Grid Computing: Buying Computing Power, by the Hour

As the senior director of computational genetics at Applied Biosystems, Francisco De La Vega was familiar with the advantages of using clusters of inexpensive computers working together to solve tough scientific computing problems.

But there is still a limit to how many hundreds of computers he can afford to keep on hand. At the time that a monster computing challenge came along in October, the biotech company had actually downsized its in-house computer farm and was looking for an alternative way of handling peak demands for computer power.

That was when the National Institutes of Health (NIH) announced the completion of the first phase of an international project to validate millions of genetic sequence variations.

Applied Biosystems is in the business of providing researchers and biotech companies with genetic assays, which test for the presence of a given sequence.

To stay abreast of the market, Applied Biosystems needed to rapidly translate the NIH data into updates to its product line. Time to market would largely be determined by how quickly it could run through the genetic data through its proprietary analytic programs.

That’s when De La Vega turned to the Sun Grid, the Sun Microsystems service that offers access to computer power on the basis of $1 per CPU hour (that is, the amount of computing that one processor can deliver per hour). Applied Biosystems rented time on 1,000 computers, which were able to complete in a week a job that he had estimated would take three months for him to run on his existing servers.

“It basically saved us a couple of months worth of computing time,” De La Vega says. “The alternative would have been for us to expand our internal compute farm, and pay the electricity and cooling costs on that, even knowing that it would be idle probably 50% of the time.”

This is exactly the concept behind utility computing, the idea that you ought to be able to buy access to computational power as you need it, with capacity that flexibly grows and shrinks in pace with your needs. Grid computing turns out to be a complimentary concept, since grids of computers that can be dynamically assigned to different tasks are one way of delivering utility functionality.

And although Sun actually packages some other rent-a-data center offerings under the Sun Grid banner, Applied Biosystems was tapping into the more grid-like part of it, where Sun supplies access to lots of relatively inexpensive servers working in tandem. Those servers run Solaris 10 but in combination with AMD Opteron processors, rather than Sun’s proprietary CPUs.

Some of the definitions about what makes a grid a grid (rather than just a large computer cluster) talk about the ability for computing jobs to cross organizational boundaries. De La Vega and his team had to package up their Perl and C++ data analysis code, along with the source data, upload it into Sun’s infrastructure, run it, and retrieve the results.

First, they spent a week doing test runs to make sure the software would work the same on Sun’s computers that it did on their own — something they couldn’t take for granted, given that Sun’s infrastructure featured 64-bit processors and the software had been written for 32-bit chips. They had to consider that some subtle difference — for example, in the handling of floating-point integers — would throw off the mathematics of their calculations, De La Vega says. But when no significant glitches cropped up, they charged ahead.

In a couple of respects, Applied Biosystems didn’t quite fit the business and technology assumptions of the Sun Grid.

To make it easy for firms to buy grid computing power on an ad hoc basis, Sun offers it for purchase by credit card, through the same Web portal used to submit and control computing jobs.

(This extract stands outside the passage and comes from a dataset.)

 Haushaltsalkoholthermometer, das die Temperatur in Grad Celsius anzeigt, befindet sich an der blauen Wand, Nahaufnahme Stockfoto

But the Applied Biosystems finance people insisted on cutting a purchase order for the estimated 36,000 CPU-hours De La Vega estimated would be consumed by analysis of newly-released genetic data from the National Institutes of Health.

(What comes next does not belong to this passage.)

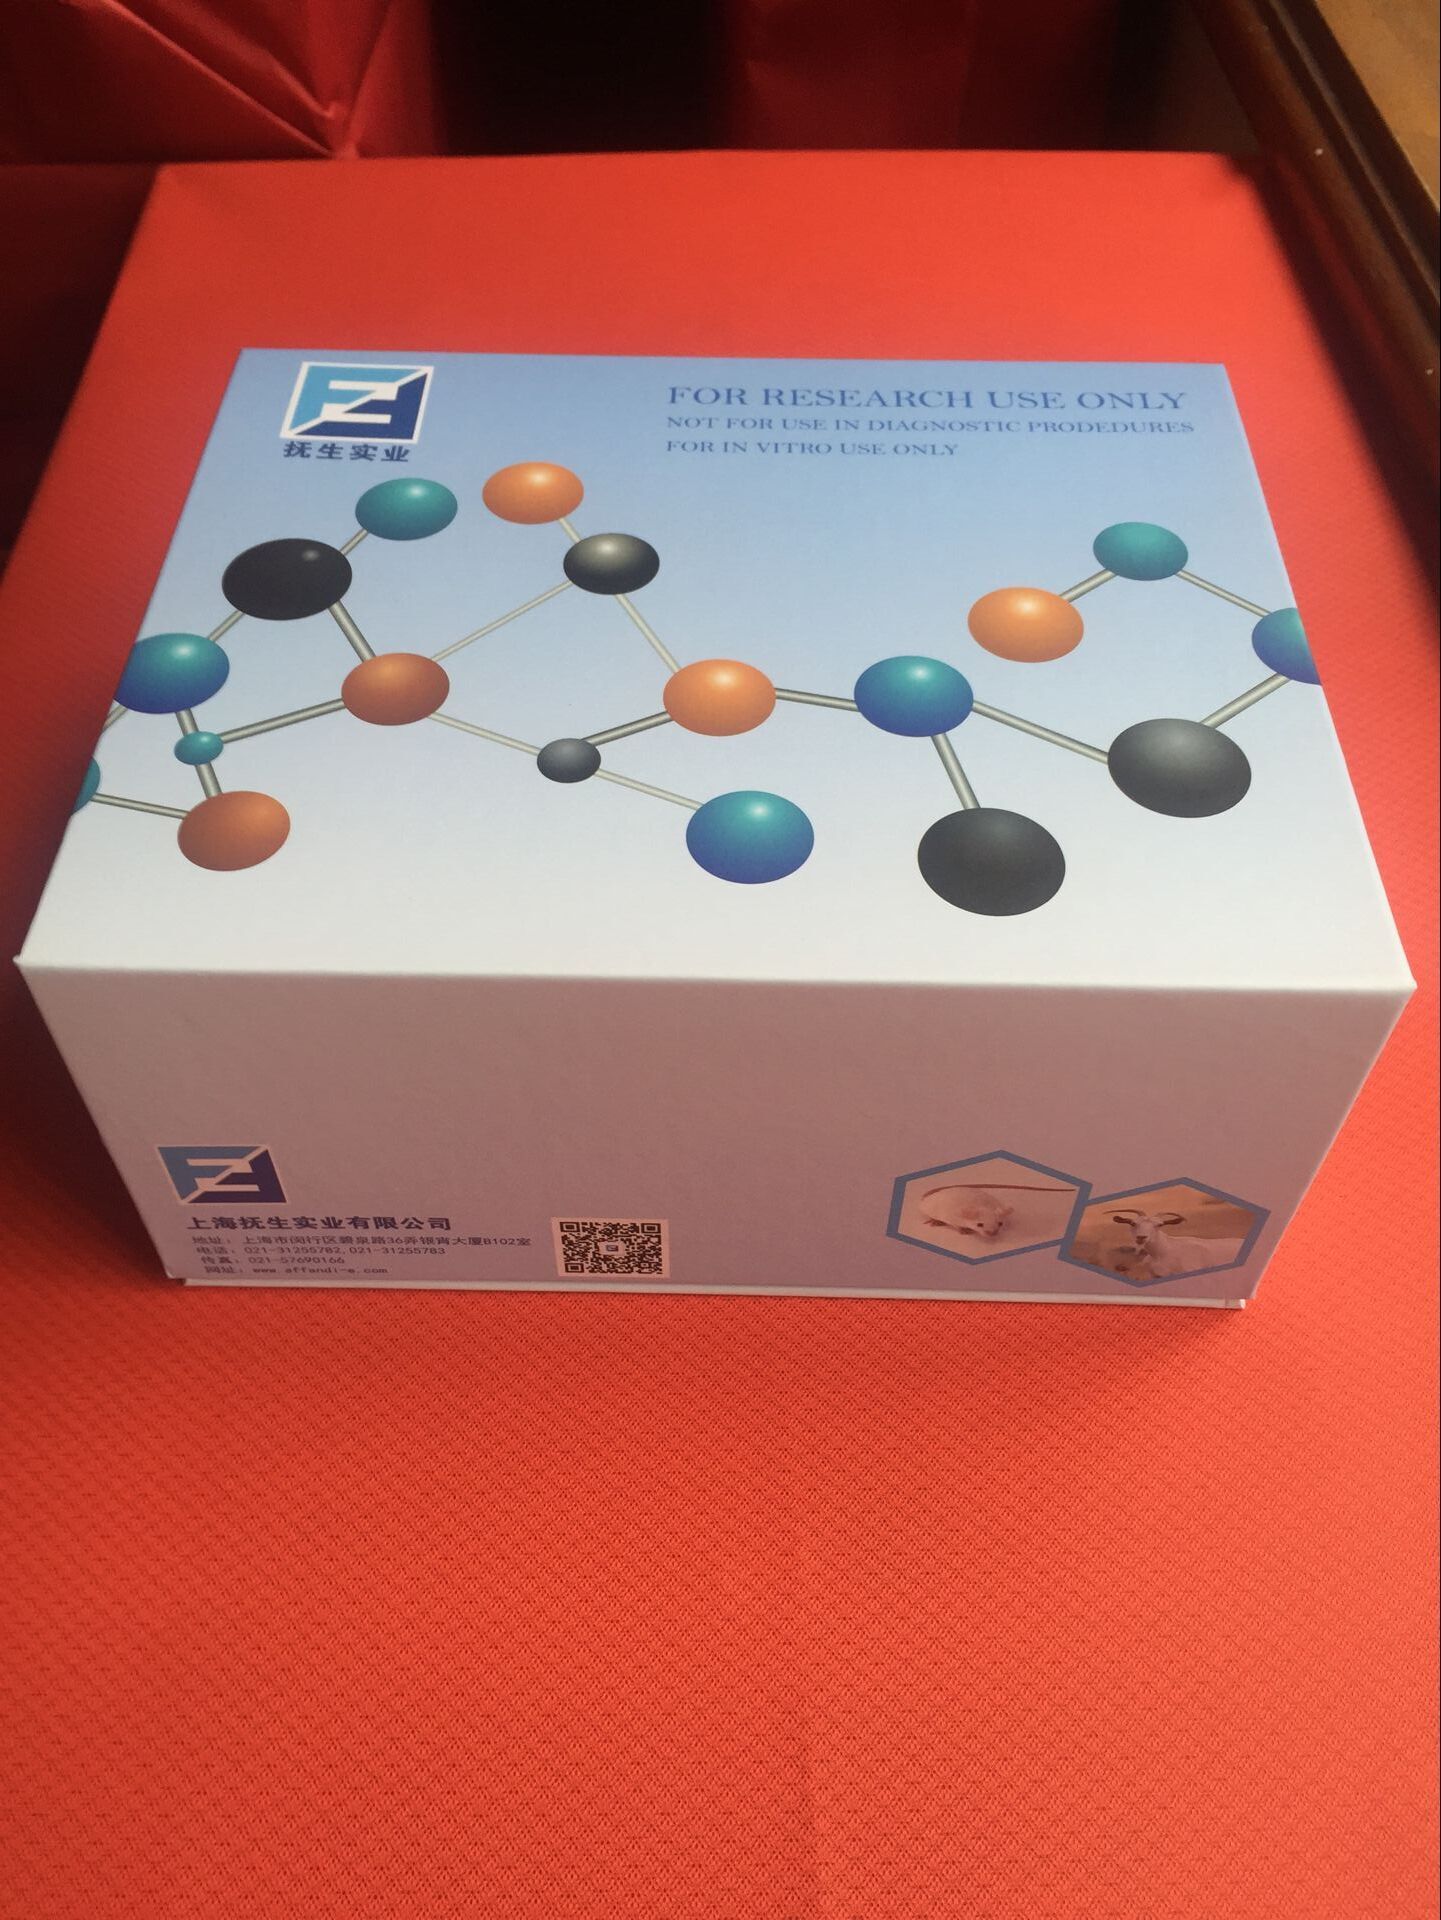 内脂素/内脏脂肪素Elisa检测试剂盒说明书

It turned out he had over-estimated, leaving the company with a credit of 10,000 hours to use on a future project. That’s not a problem, he says, as he expects to quickly find a few other projects he can speed to completion using the Sun Grid.

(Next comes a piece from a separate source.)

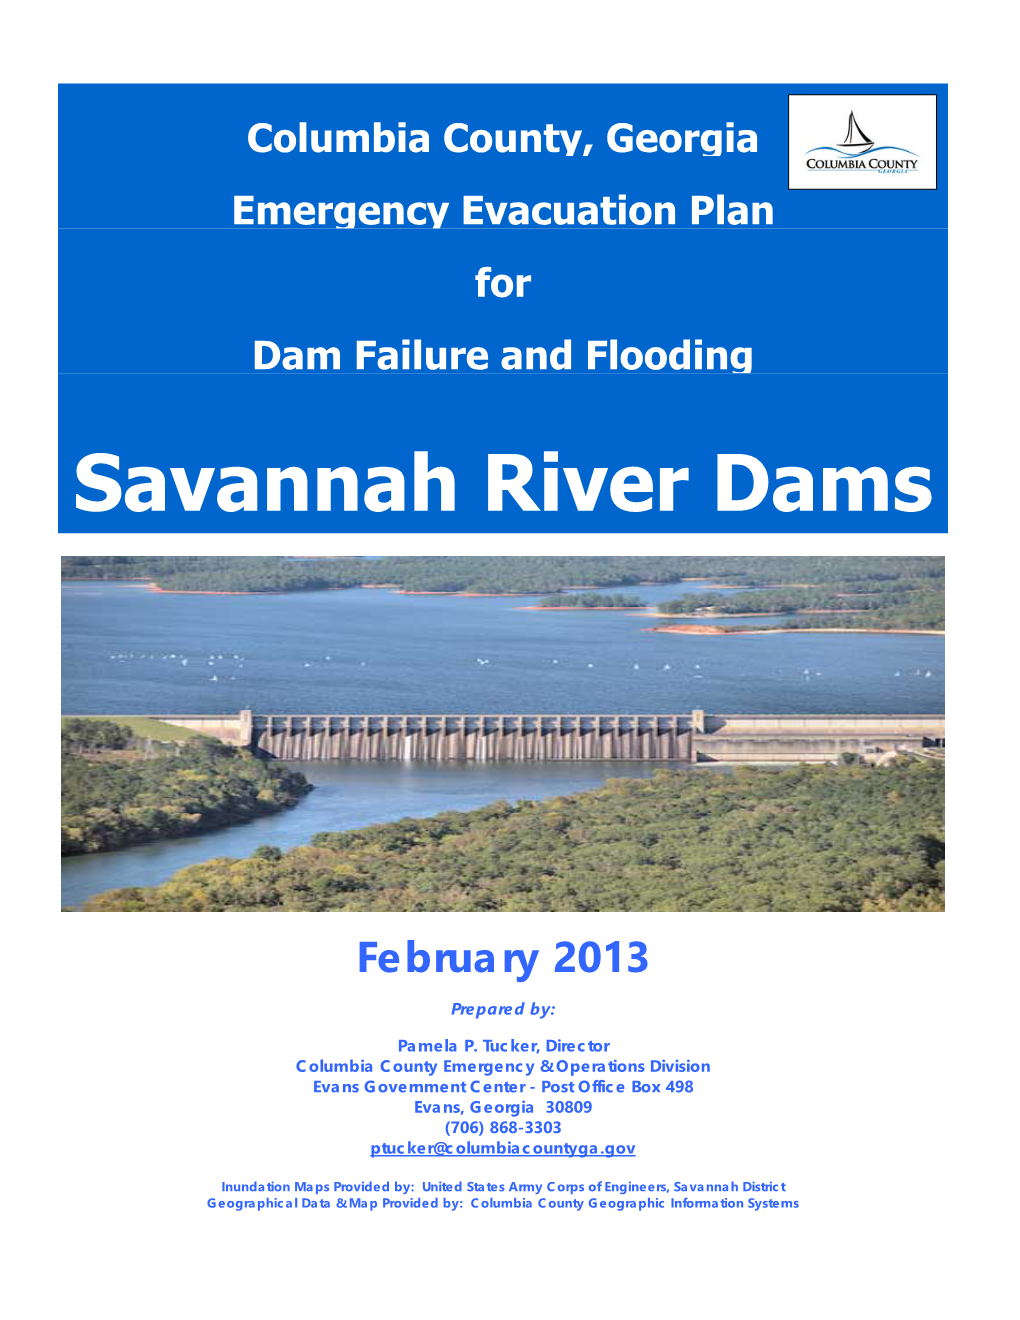 Savannah River Dams

One other assumption that didn’t quite match was Sun’s idea that customers would simply download their data over the Internet when a job finishes.

But the “verbose” data output format of the Applied BioSystems software made that impractical, so De La Vega instead asked Sun to download compressed data onto a USB hard drive and ship it back to him.

Overall, it was a good experience. In terms of the technical challenges of parallel programming, it was nothing new for his staff, De La Vega says, “but now it’s easy to get access to these extra cycles at a very low cost, rather than paying for the overhead of having the computer power in house whether you use it or not.”